» **Work instructions**: Could the lines from the top of the material to the line that contains "Dreaming An Island by Andrea Pellerani" be retyped exactly, both included and pictures omitted?

== Data excerpt ==

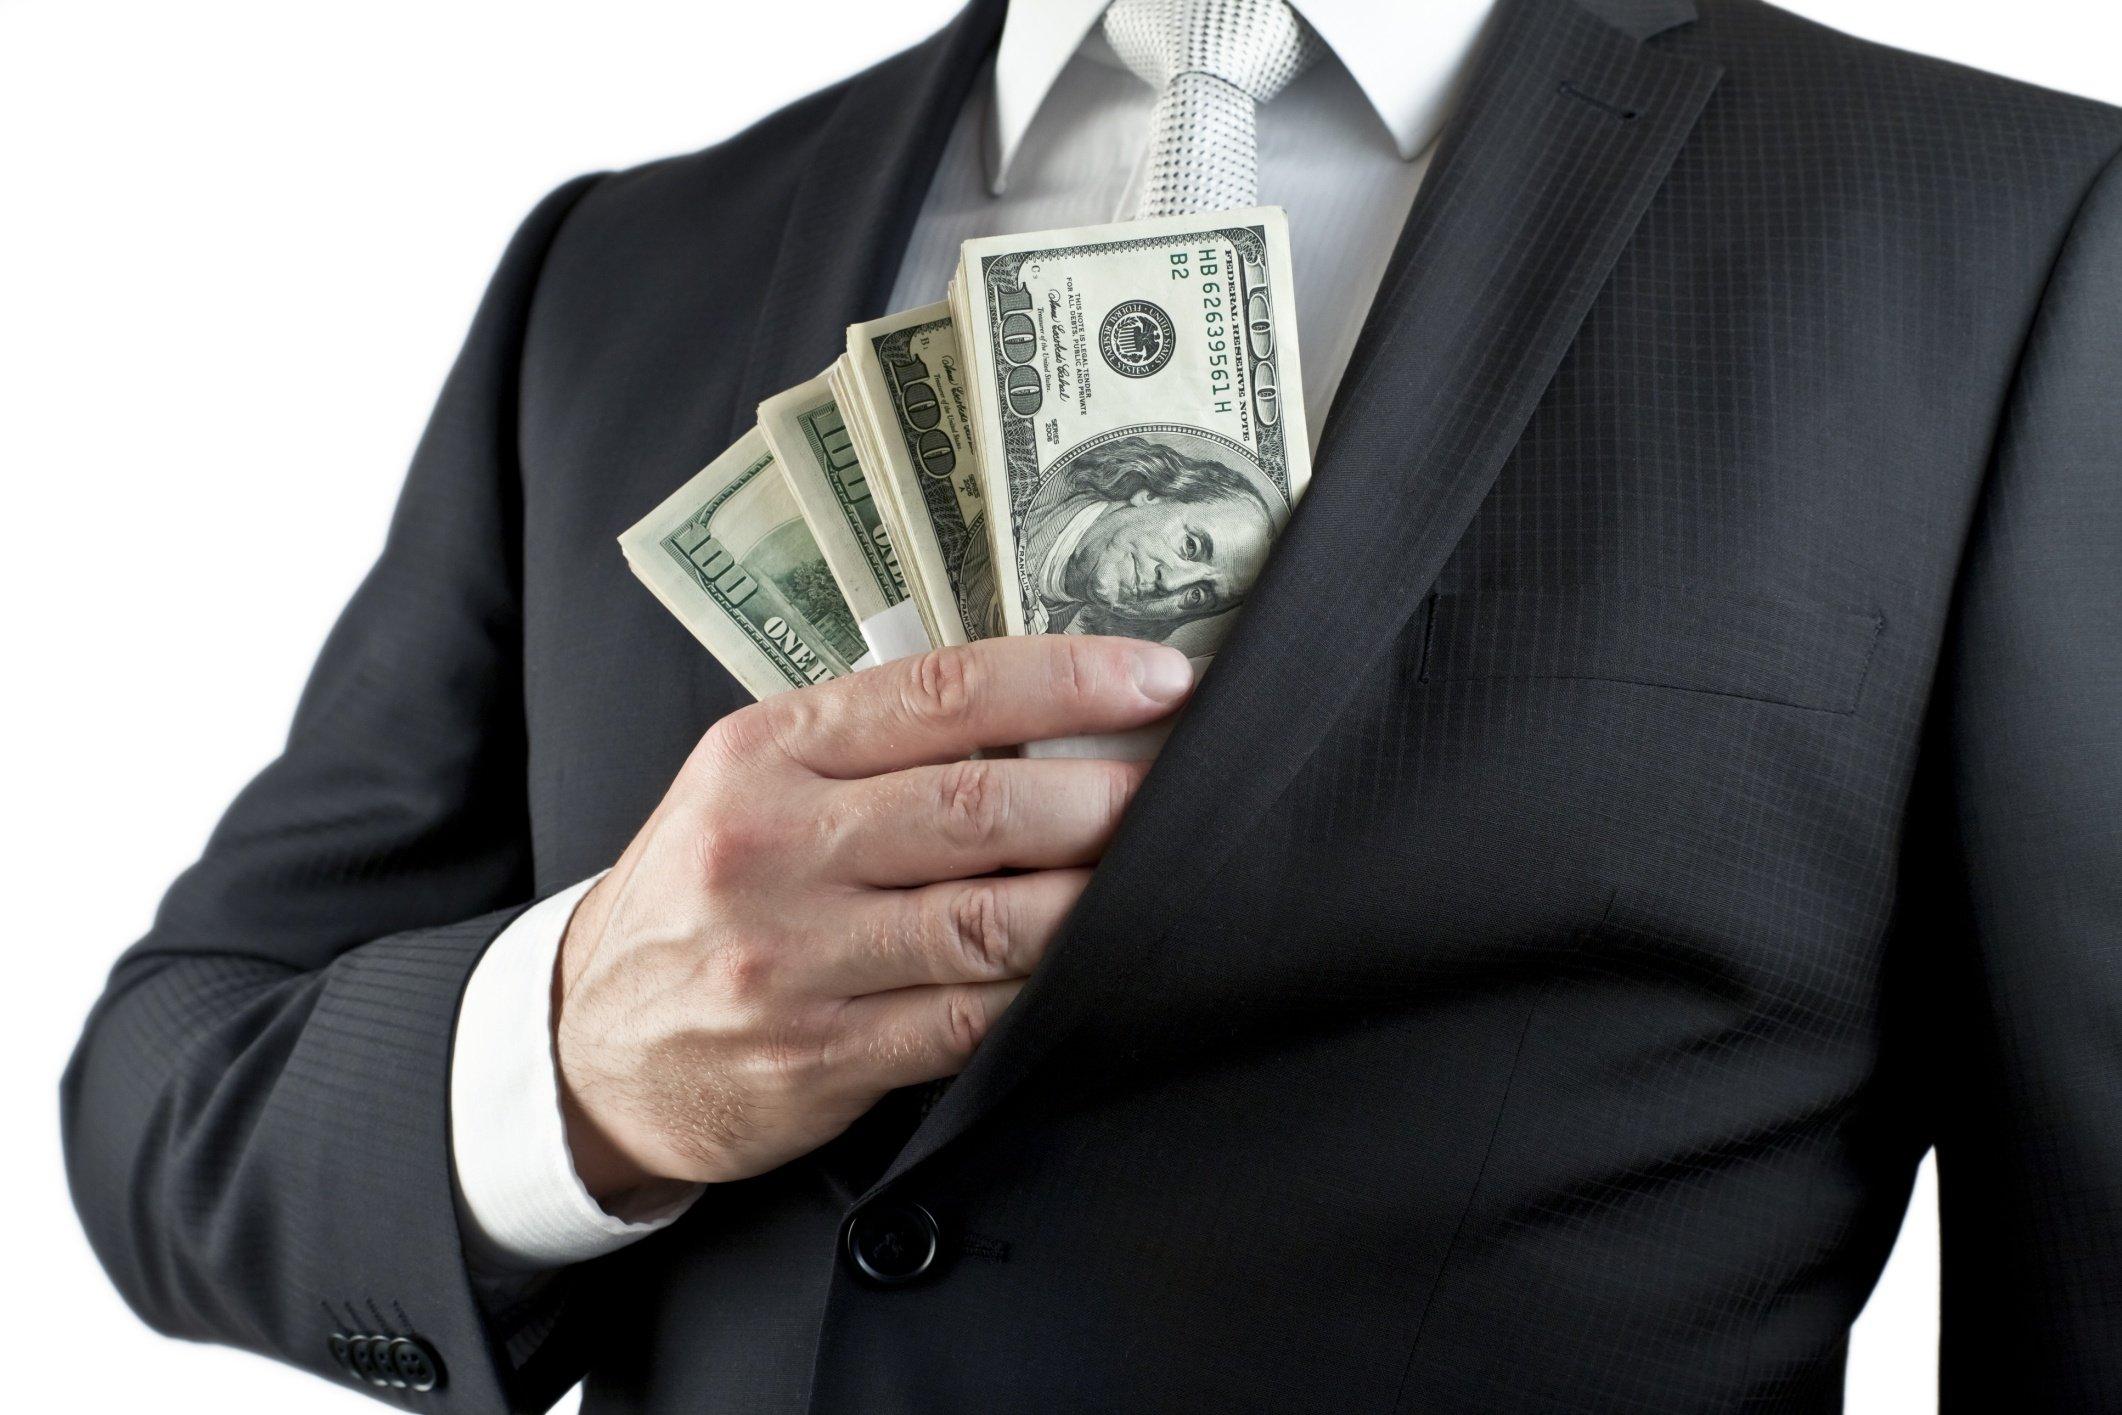 cash_in_pocket.jpg
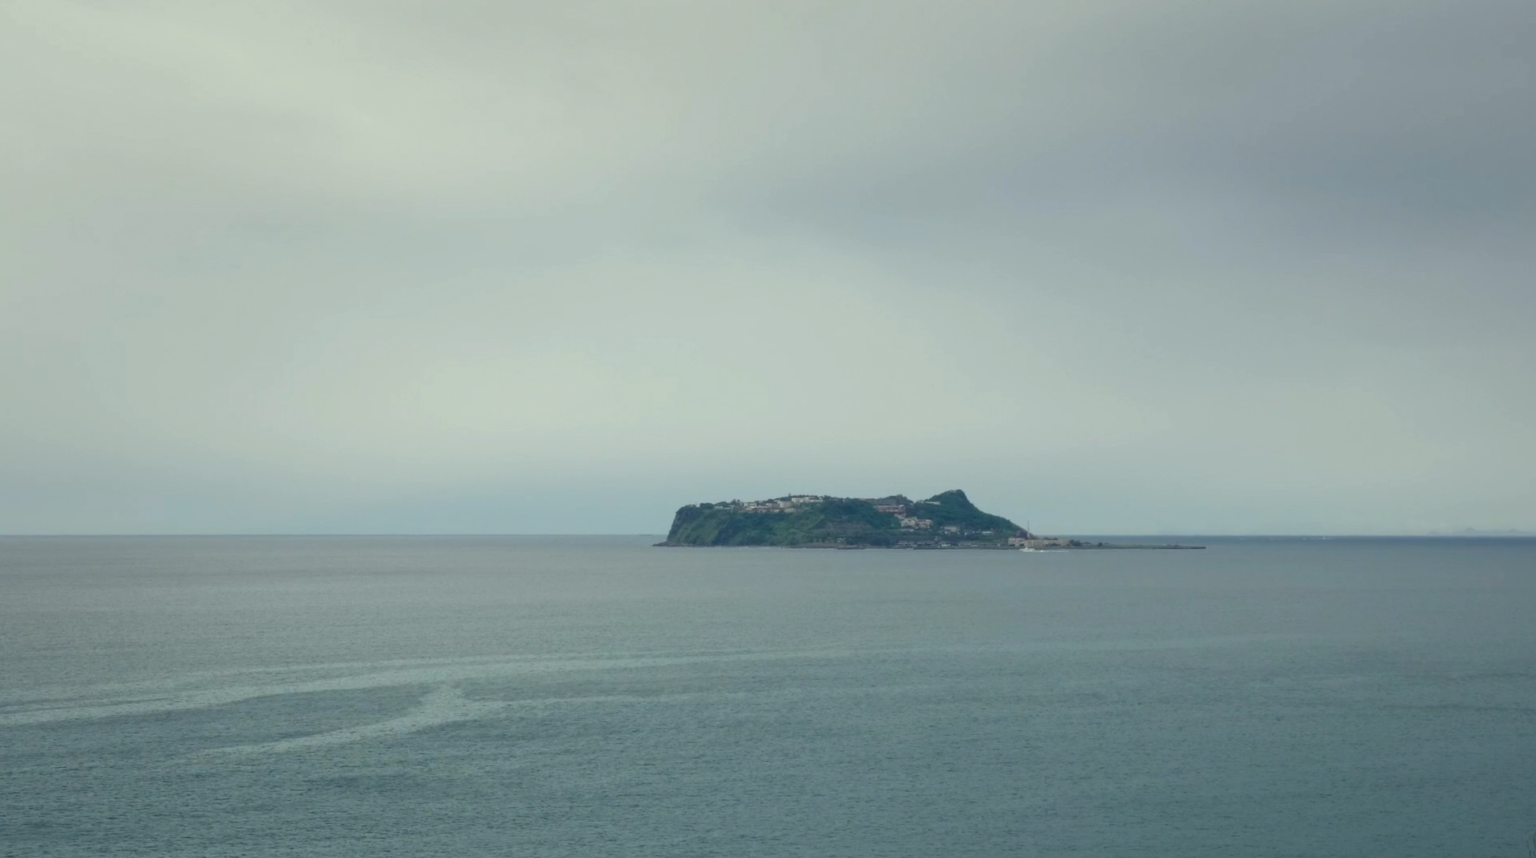 Dreaming An Island by Andrea Pellerani
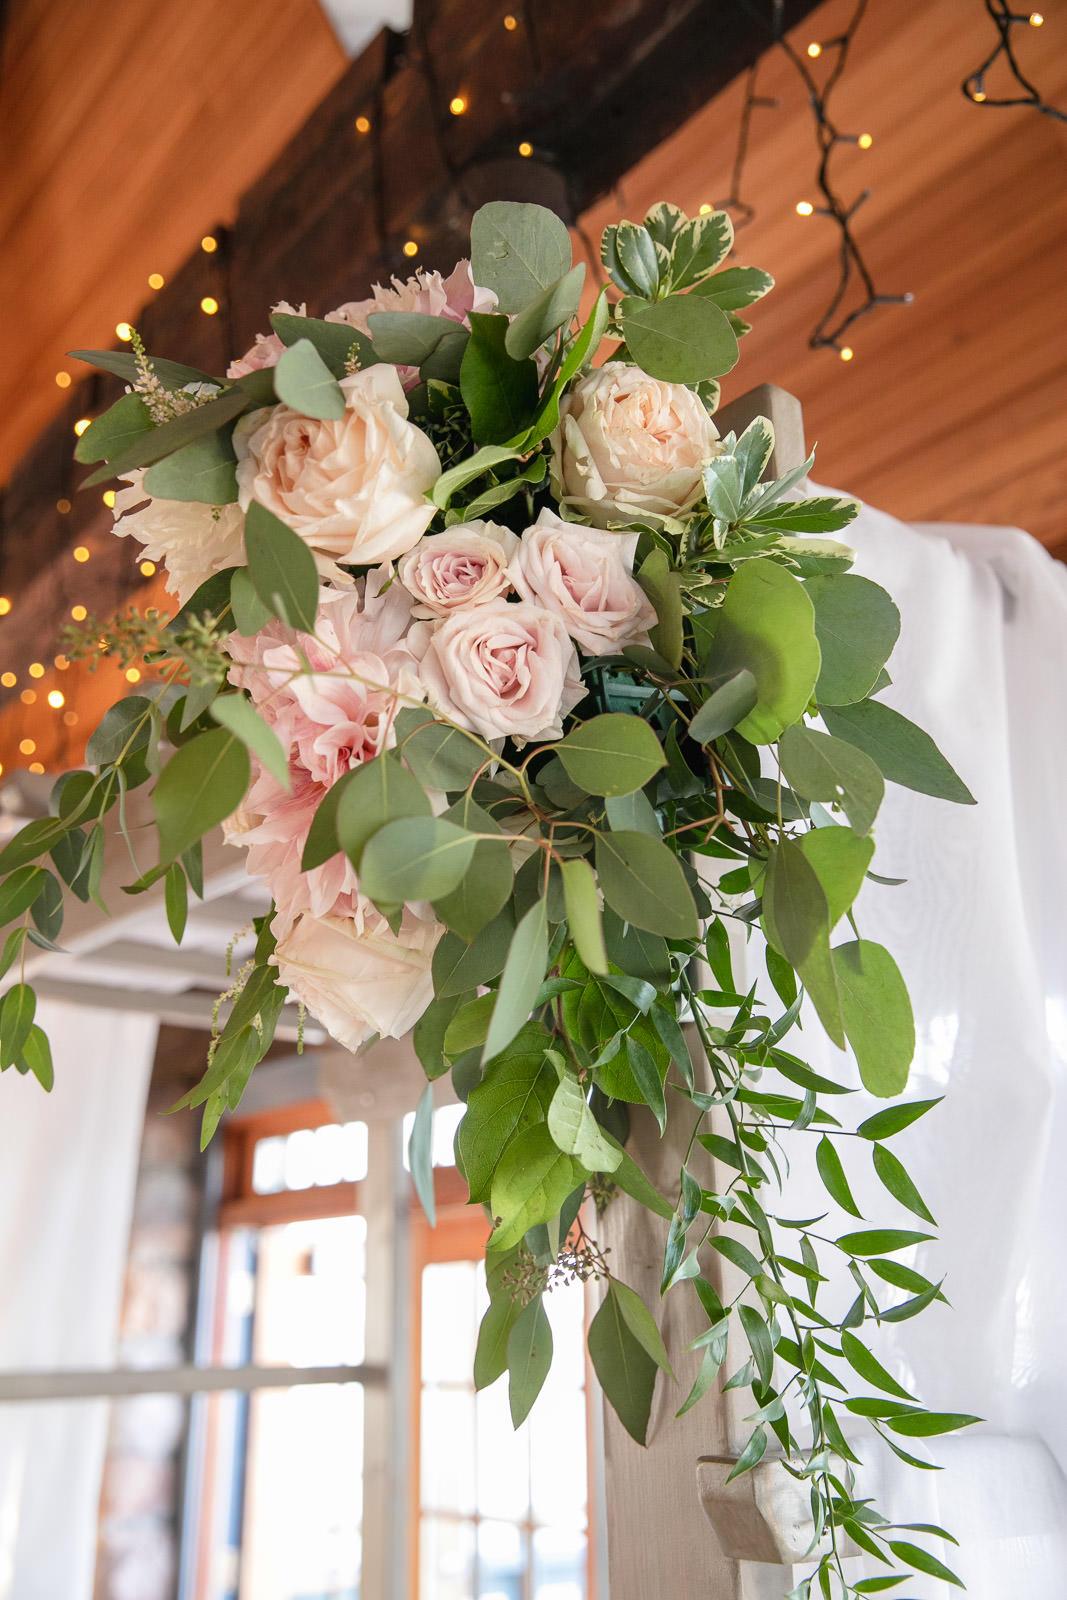 Wedding, Narragansett Towers, The Towers, Narragansett, Rhode Island, RI, Tracy Jenkins photography, RI wedding photographer, Rhode Island wedding photographer, wedding details, flowers, arbor decorations

===

» **Exercise response**:
 cash_in_pocket.jpg
 Dreaming An Island by Andrea Pellerani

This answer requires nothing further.